In Colorado, the 14¢ increase, to $7.78 per hour, will benefit 66,000 workers, according to the Economic Policy Institute (EPI). For employees who work full time, the increase means an additional $300 for the year.
Those earning less than the new minimum (57,000 workers) will get a raise in their pay. The increase also helps workers whose pay is slightly above the minimum wage (9,000) as their employers adjust pay scales to reflect the increase. In total, Colorado workers will see an increase in pay of $17.6 million during the year, which will have a spending impact of $11.2 million on the state's gross domestic product, according to EPI.

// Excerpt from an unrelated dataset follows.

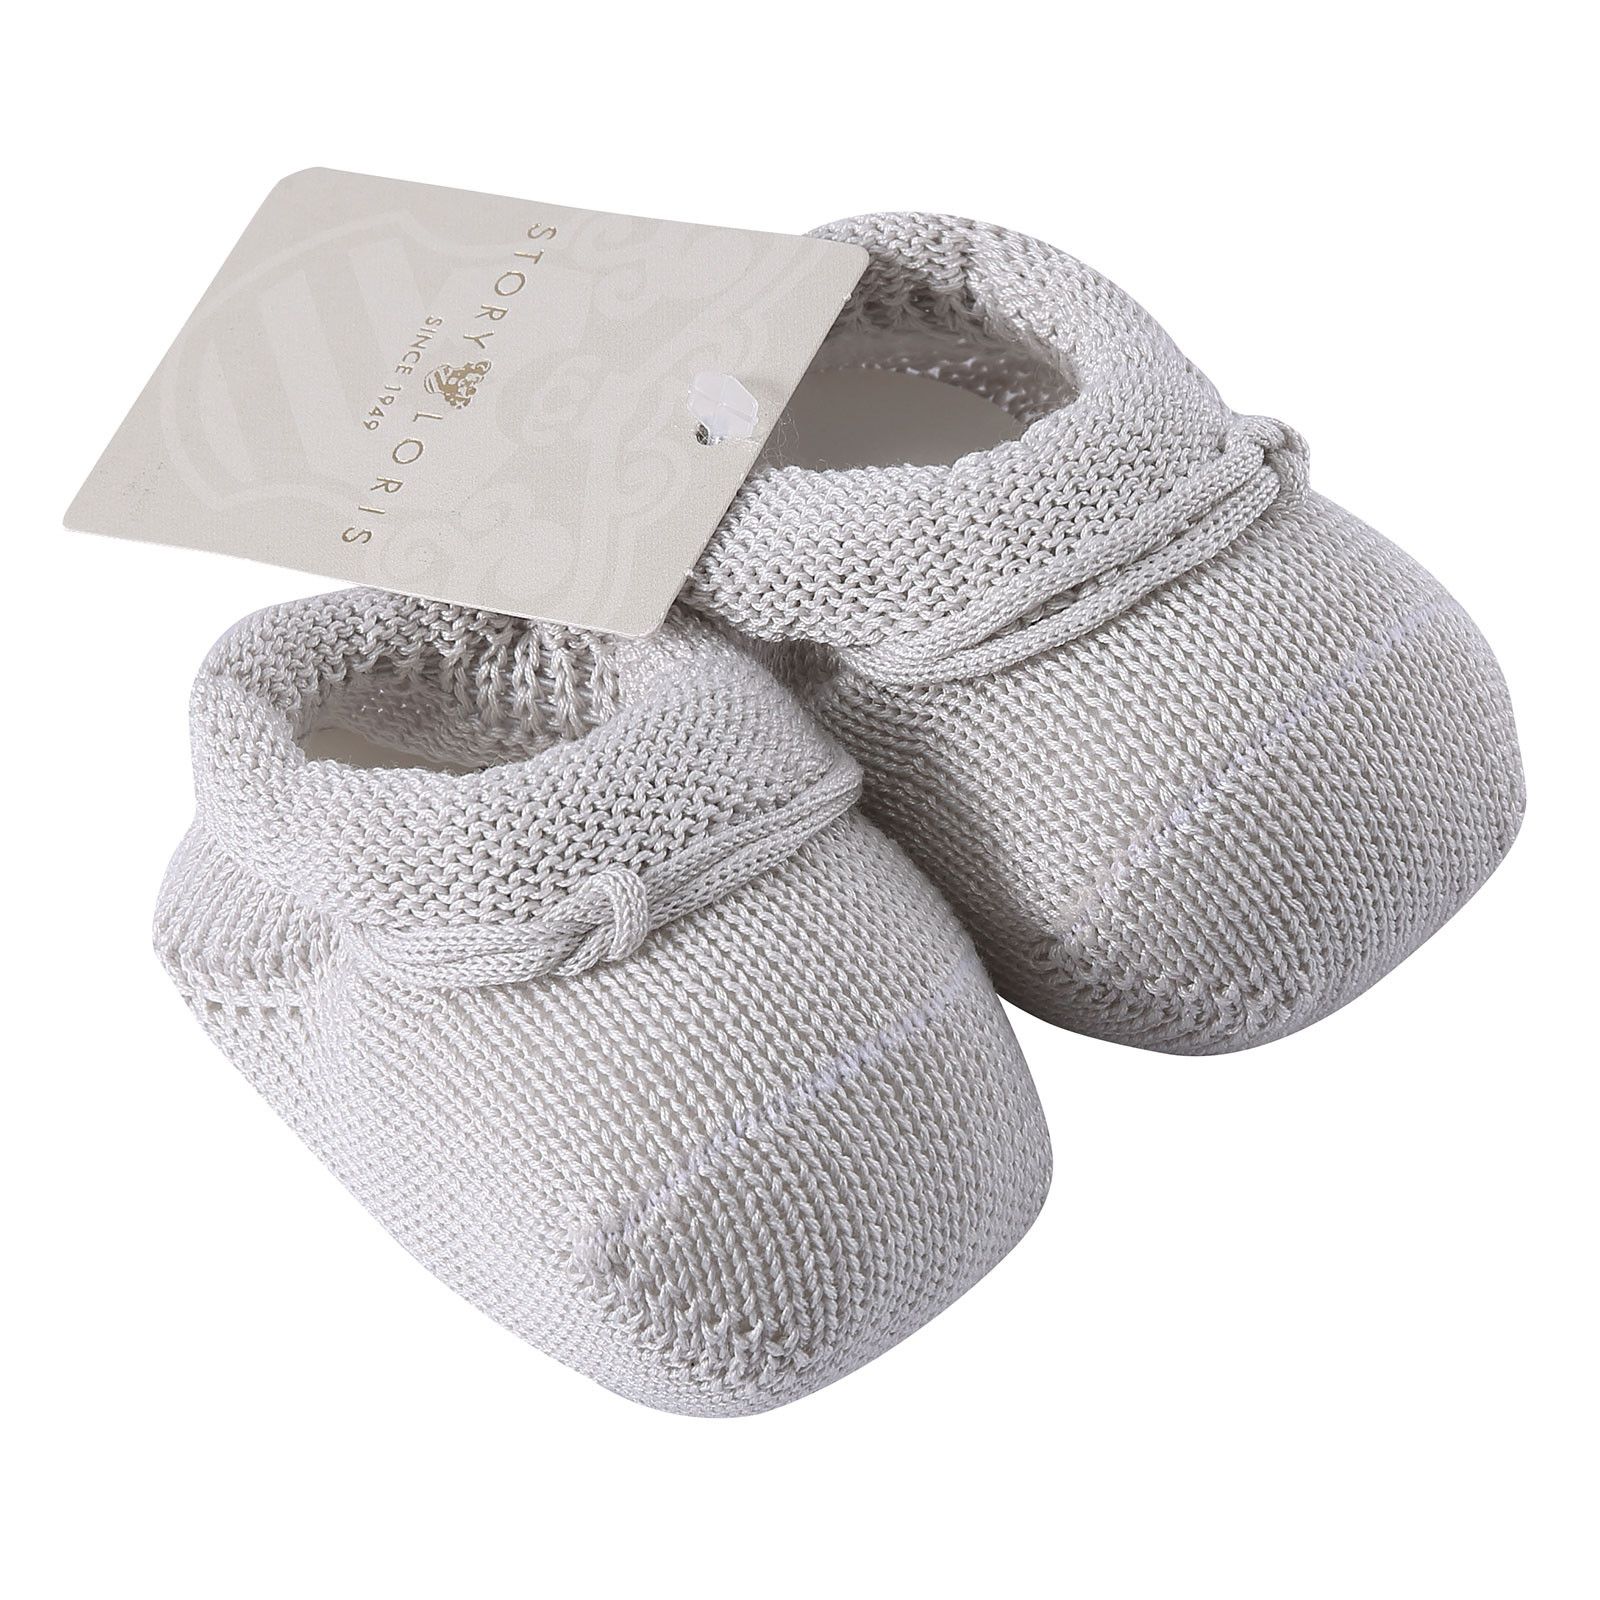 Baby Grey Knitted Cotton Shoes - CÉMAROSE | Children's Fashion Store - 2

Colorado voters approved Amendment 42 in 2006, which increased the minimum wage from $5.15 per hour to $6.85 and required that it be adjusted each year – up or down – based on the rate of inflation in Colorado. Inflation increased by 1.8 percent between July 2011 and June 2012, according to the Boulder-Denver-Greeley Consumer Price Index. In 2010, the wage dropped 4¢ because of negative inflation during the Great Recession; last year, it increased by 28¢.
"Because our minimum wage keeps pace with inflation, hard-working Coloradans can buy the same value of goods and services in 2013 as they did in 2007," said Rich Jones, director of policy and research at the Bell Policy Center. "Maintaining the buying power of low-wage workers boosts the state's economy, which benefits all of us."
The demographic profile of Colorado's minimum-wage workers shows that most are adults working full-time. Almost seven out of ten are aged 20 or older, and three out of four work 20 hours a week or more. About six out of ten are women. In terms of race, whites make up 55 percent of minimum wage workers and 29 percent are Hispanic. Minimum-wage workers account for 3 percent of Colorado's workforce.
The other states that adjust their minimum wage based on inflation are Arizona, Florida, Missouri, Montana, Ohio, Oregon, Vermont and Washington. Rhode Island will join the group on Jan. 1. Nine other states and the District of Columbia have minimum wage rates set above the federal level of $7.25.
Because the federal minimum wage is not tied to inflation, it loses buying power in most years. If Congress does not act, it is projected to lose 20 percent of its real value in the next 10 years. The federal minimum wage would now be $10.58 if it had kept pace with the cost of living since its peak of purchasing power in 1968.
A wide range of studies conducted over the past 18 years have found that raising the minimum wage is an effective way to boost the income of low-wage workers without hurting employment.
Other facts about the minimum wage:
- 66 percent of low-wage employees work for large companies, not small businesses.
- More than 70 percent of the largest low-wage employers have fully recovered from the recession and are enjoying strong profits.
- 58 percent of the jobs created in the post-recession recovery have been in low-wage occupations.
- The shift toward low-wage jobs is a 30-year trend that has been accelerating.